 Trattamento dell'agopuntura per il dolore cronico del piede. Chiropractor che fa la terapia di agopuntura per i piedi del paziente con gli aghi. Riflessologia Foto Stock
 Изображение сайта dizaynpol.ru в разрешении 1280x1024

* * *

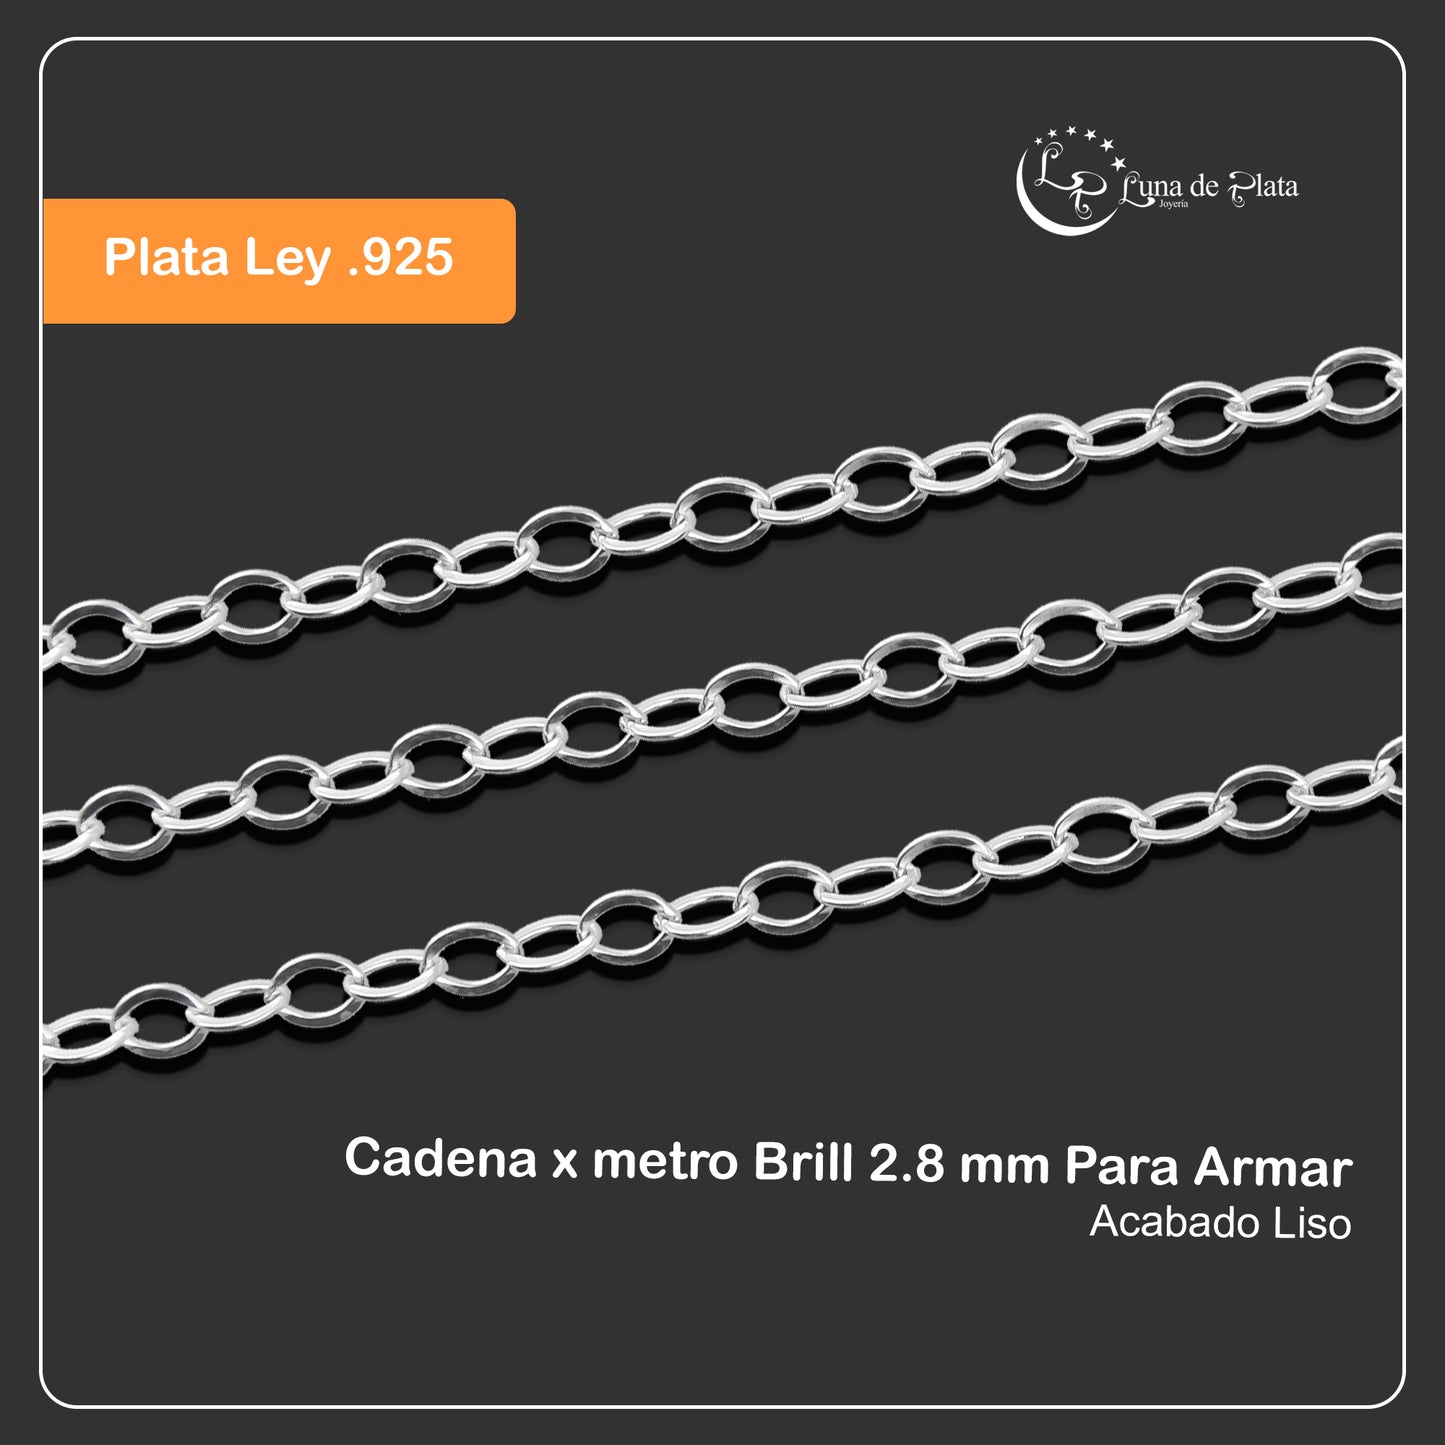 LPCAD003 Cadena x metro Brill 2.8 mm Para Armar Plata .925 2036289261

### Exercise directions
Reproduce word for word the material above, starting with the line that has "Trattamento dell'agopuntura per" and stopping after the line that has "Изображение сайта dizaynpol.ru".

### The completed task
 Trattamento dell'agopuntura per il dolore cronico del piede. Chiropractor che fa la terapia di agopuntura per i piedi del paziente con gli aghi. Riflessologia Foto Stock
 Изображение сайта dizaynpol.ru в разрешении 1280x1024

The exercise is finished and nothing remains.